Jeffrey Robert Zwart (born 24 May 1955) is an American commercial film director, racer, photographer, with clients that include Porsche, BMW, Cadillac, General Motors, Hyundai, Ford and more.

== Life and career ==
Zwart was born in Long Beach, California, and learned to drive in his father’s 1964 Porsche 901, chassis number 35. Growing up next door to his childhood friend and future automotive designer, Freeman Thomas, the two shared a lifelong obsession with automobiles and Porsches in particular. In high school, Zwart worked as a veterinary assistant in order to save enough money to eventually purchase a yellow Porsche 914/6. In 1997, he ran that same 914/6 in the 10,000 mile, 25 day, Panama to Alaska Rally winning second place overall. In 1979, after graduating from the Art Center College of Design in Pasadena, California, he began work as a still photographer shooting Road & Track Magazine covers, calendars, and article photos.

In 1989, following an American Photography Magazine cover story on Zwart’s automotive photography work, he was given the opportunity to direct television commercials. He joined Jon Kamen and Frank Scherma to form RadicalMedia.

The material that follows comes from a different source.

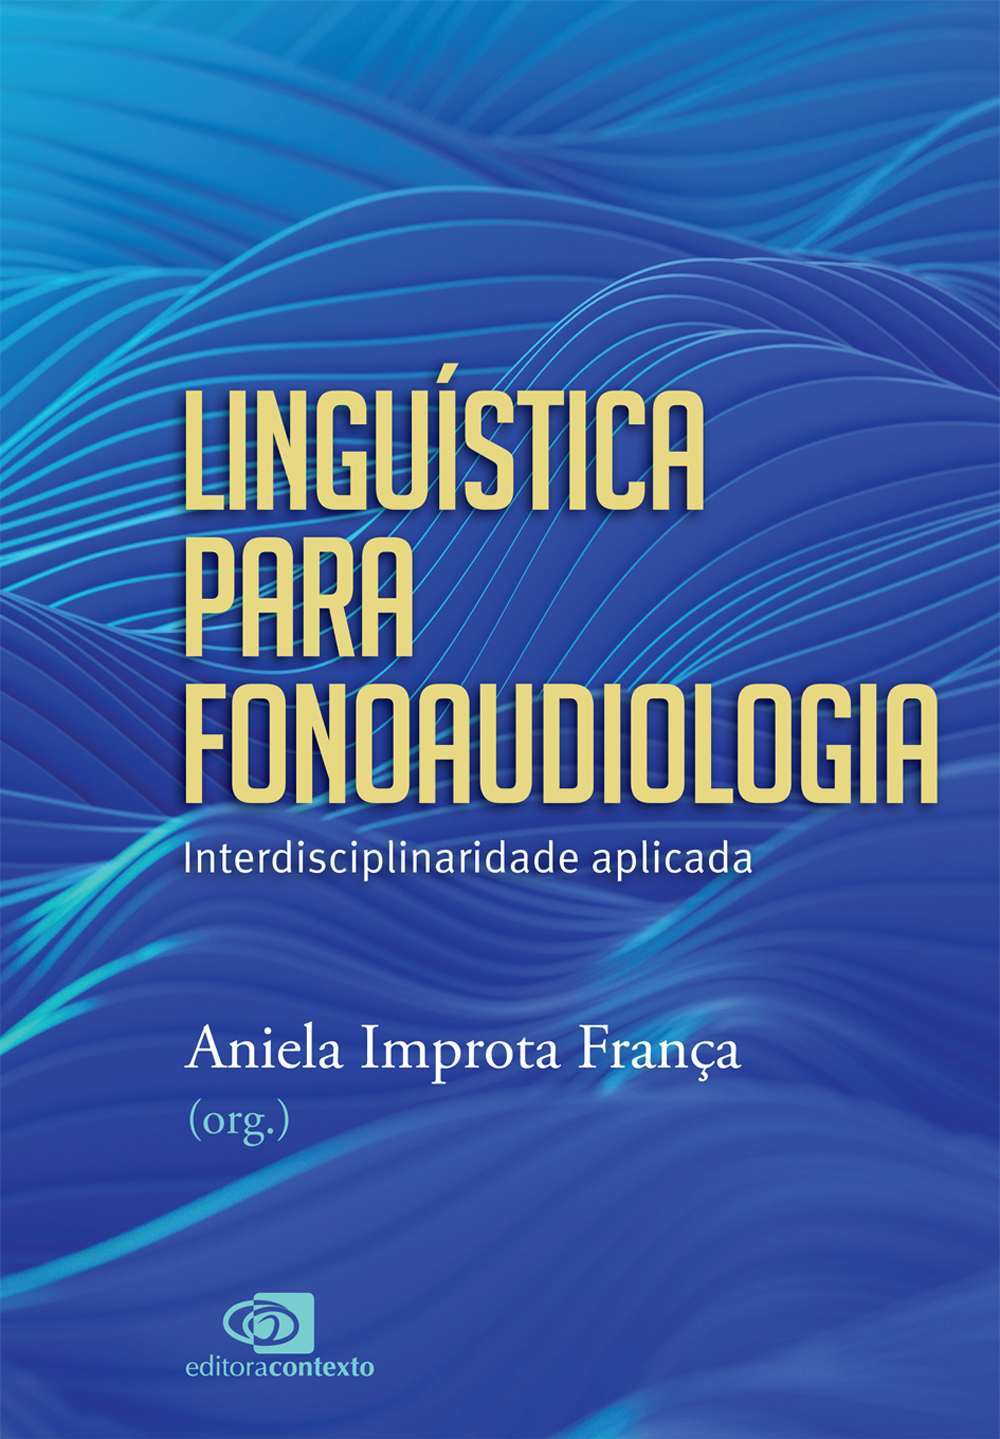 Linguística para fonoaudiologia | Lançamento
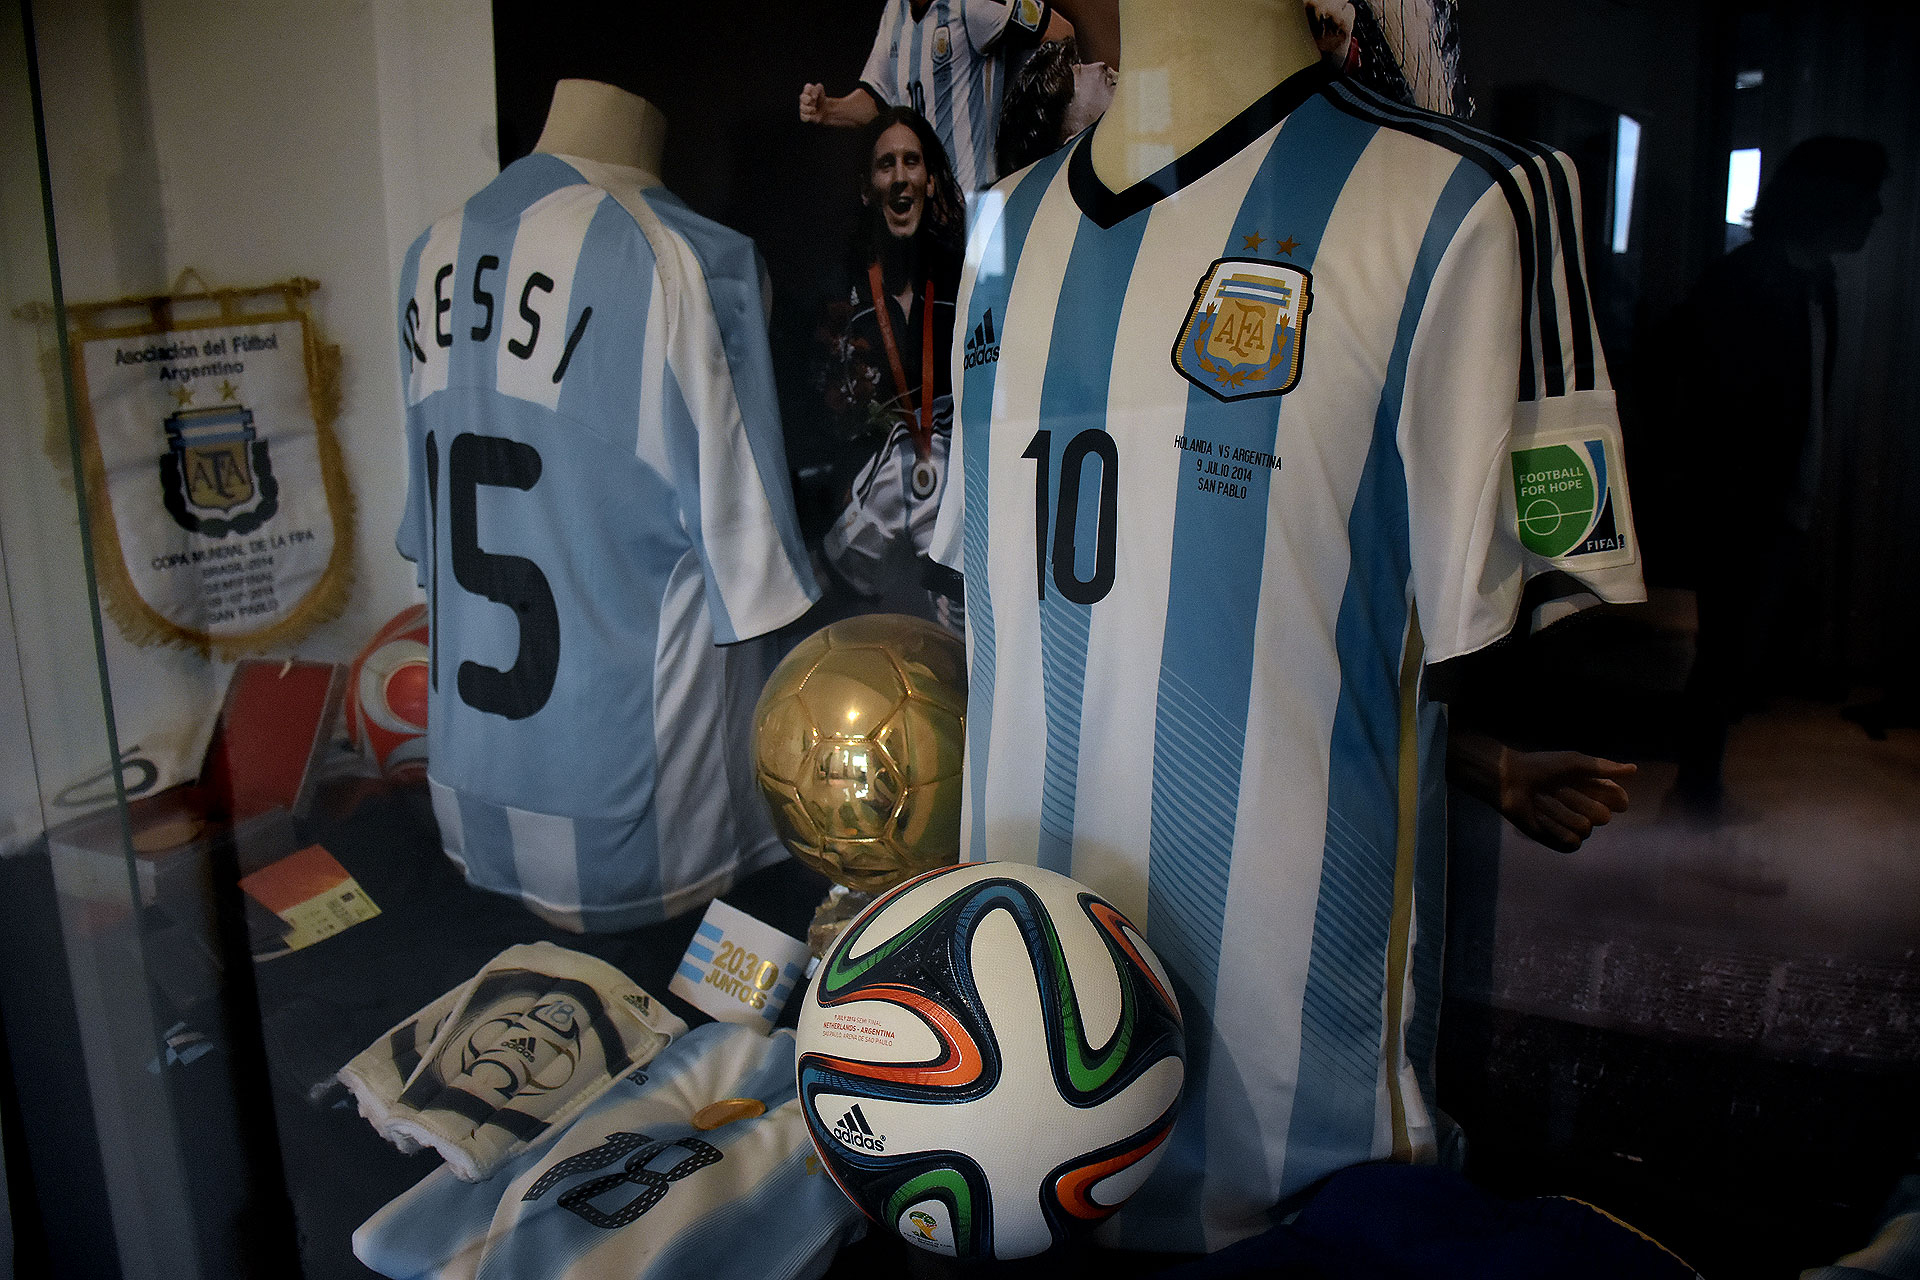 Una de las camisetas utilizadas por Lionel Messi en Brasil 2014 (Nicolas Stulberg)

Zwart has published three books in collaboration with David Bull Publishing and is a monthly contributor to the Porsche Club of America’s Panorama magazine.

==Racing career==
Zwart started road racing Formula Fords during the mid-1980s on the West Coast of the United States which led to an interest in rallying. In 1989 and 1990 he drove a Mazda in the US Pro Rally Championship, eventually winning the Open Class National Championship. Zwart also competed in the New Zealand round of the World Rally Championship driving a Mitsubishi EVO in 1993.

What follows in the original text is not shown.